RECORDED DATA:
====================

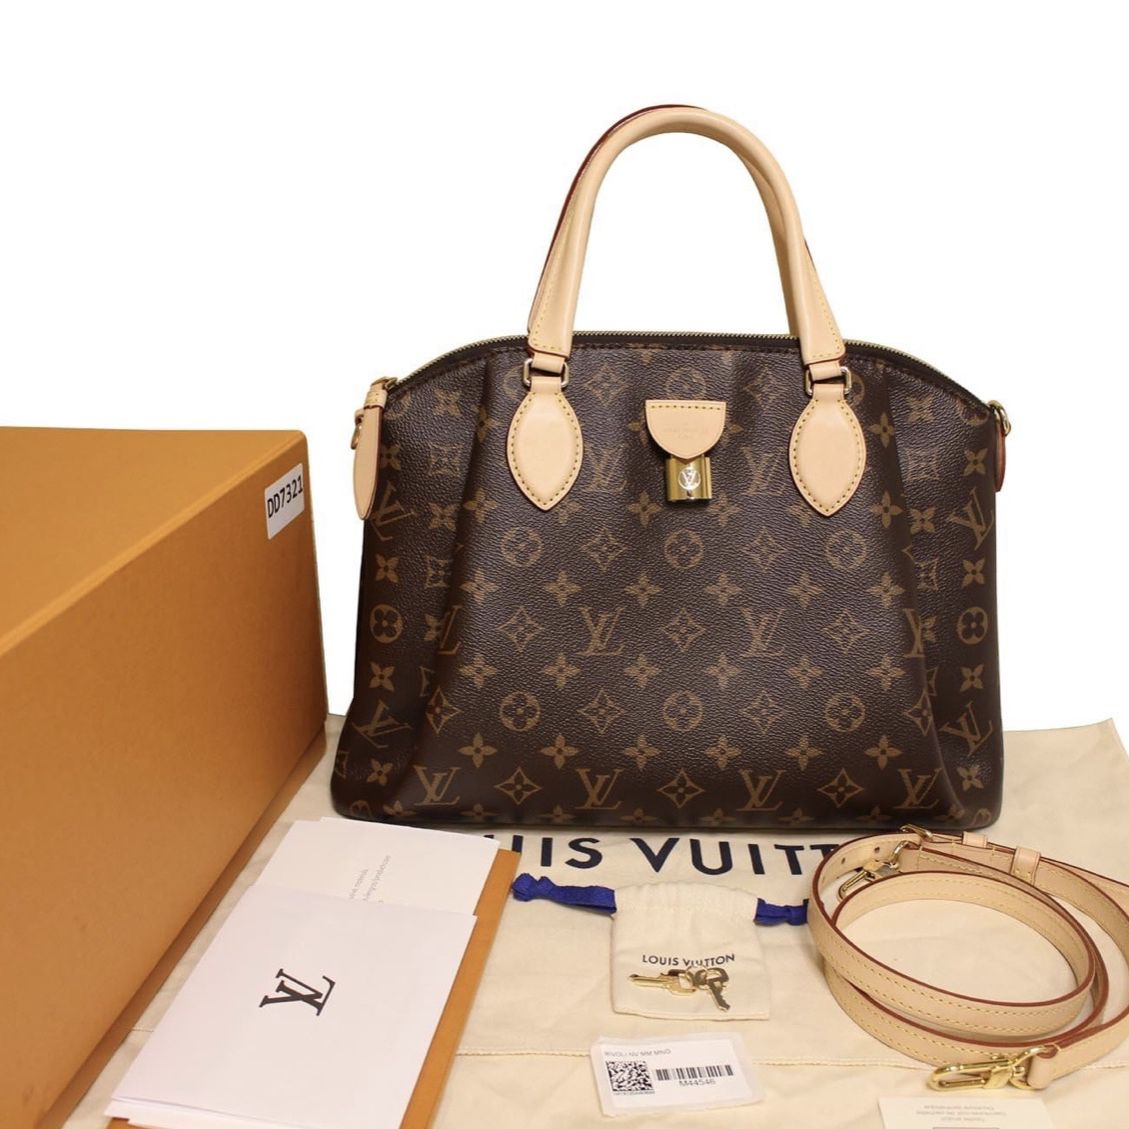 Louis Vuitton Dust Bag for Sale in Rancho Cucamonga, CA - OfferUp
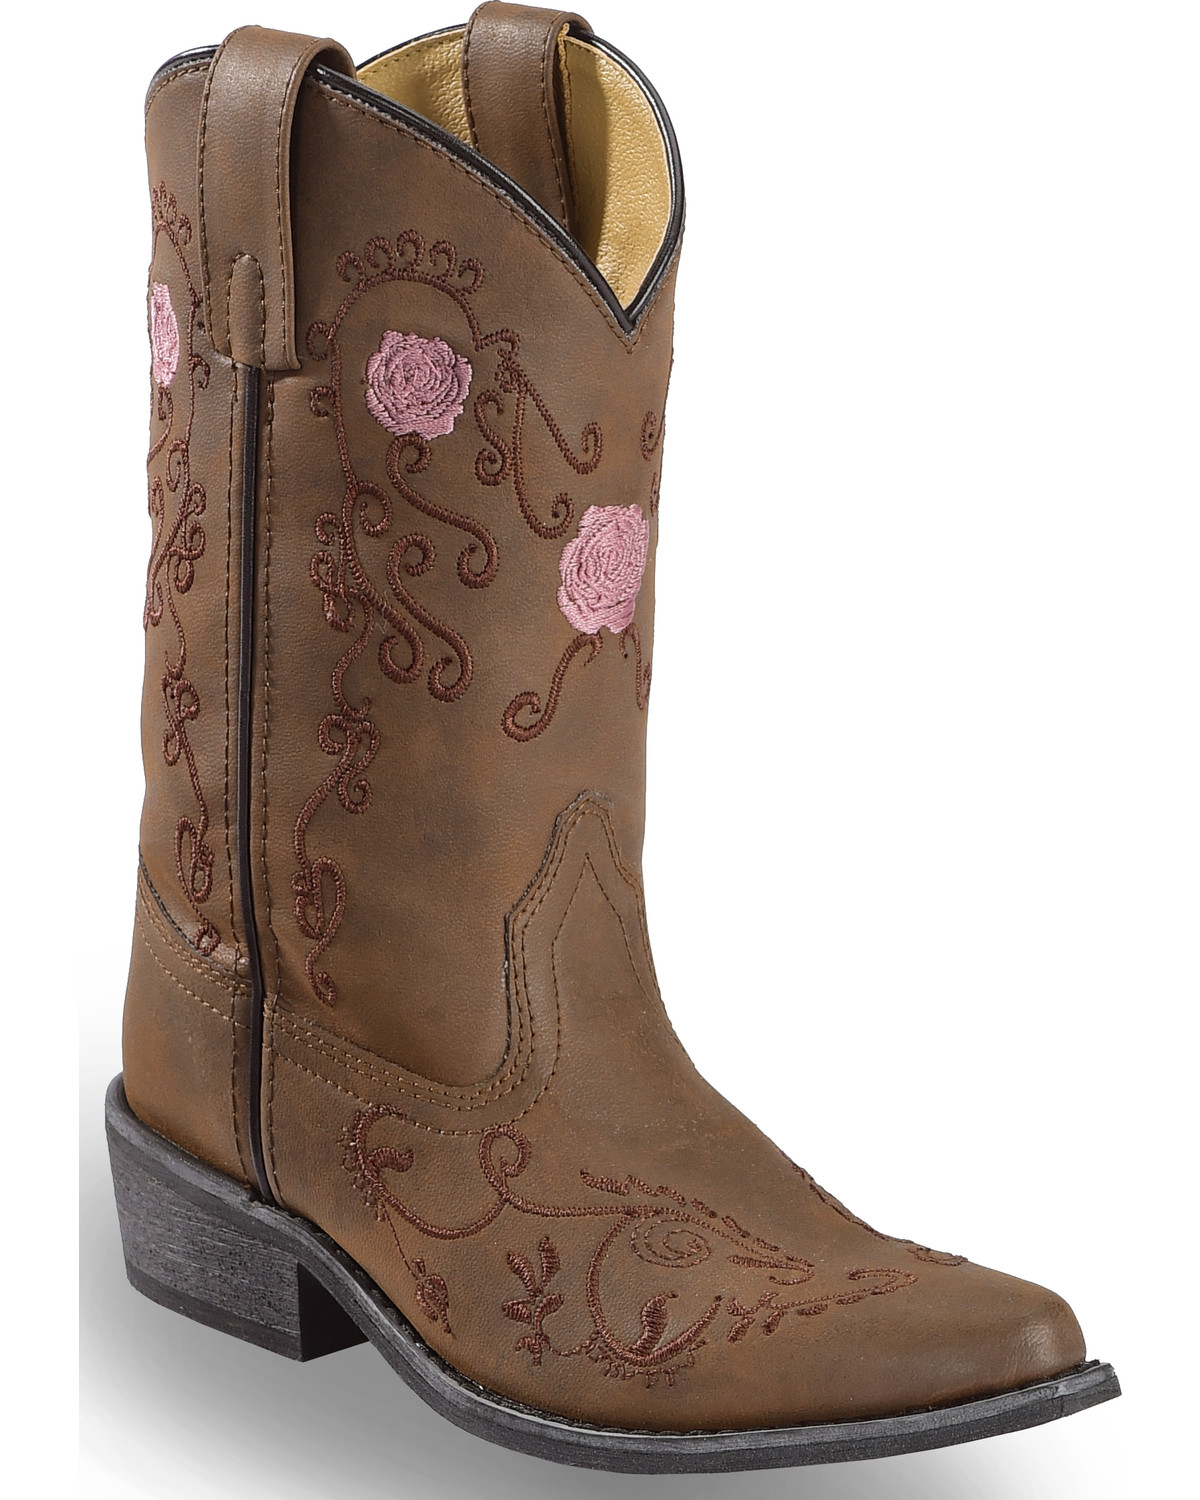 floral work boots
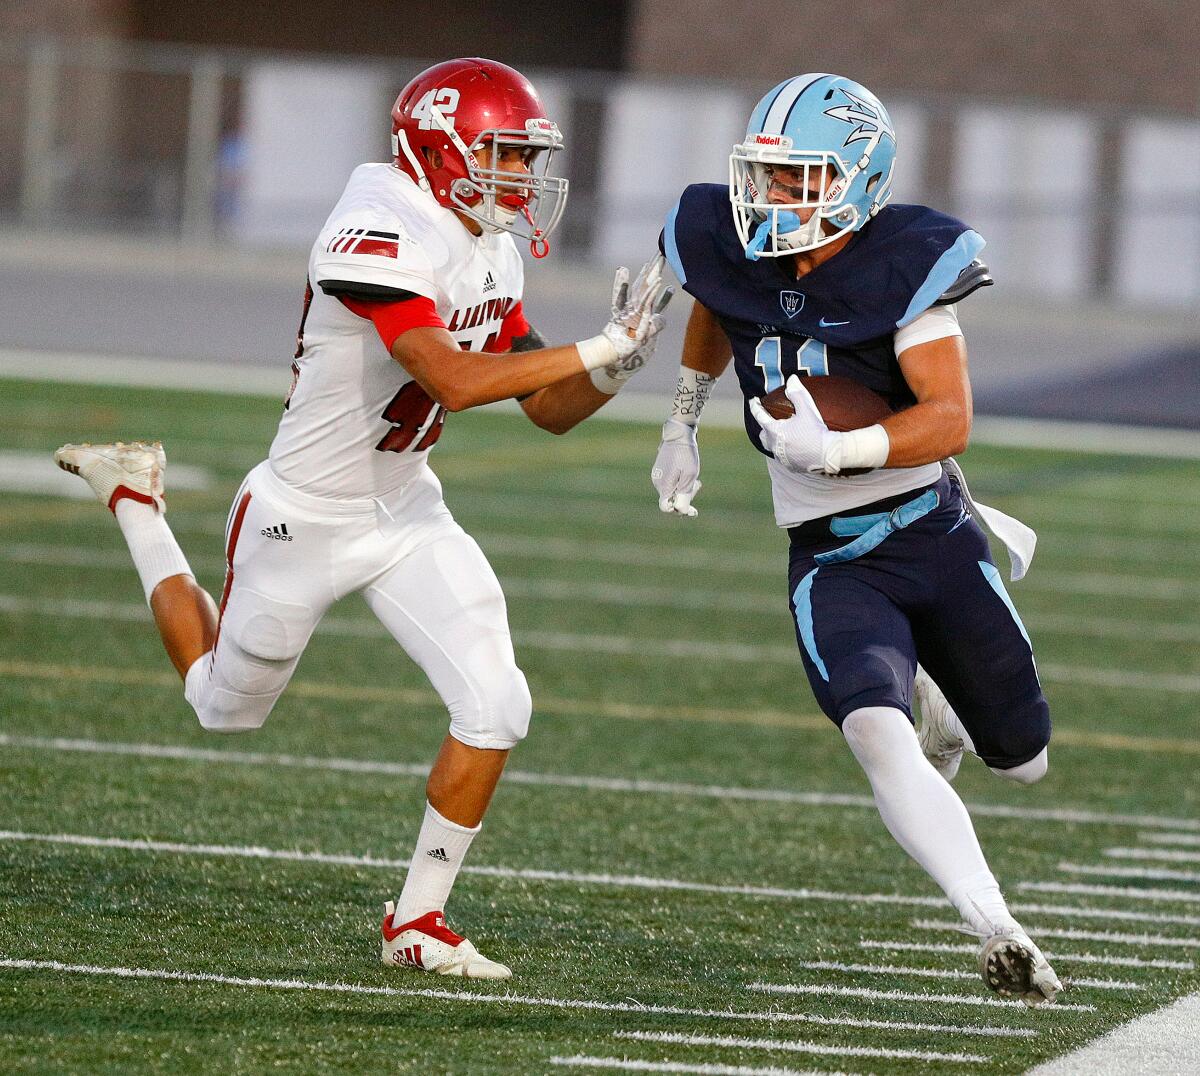 Corona del Mar's Bradley Schlom, pictured running for a first down while Lakewood's Travis Perryman tries to push him out of bounds on Sept. 13, has 11 receiving touchdowns this year.

====================

Leaving out the pictures, restate the listing above exactly.

THE ANSWER:
 Louis Vuitton Dust Bag for Sale in Rancho Cucamonga, CA - OfferUp
 floral work boots
 Corona del Mar's Bradley Schlom, pictured running for a first down while Lakewood's Travis Perryman tries to push him out of bounds on Sept. 13, has 11 receiving touchdowns this year.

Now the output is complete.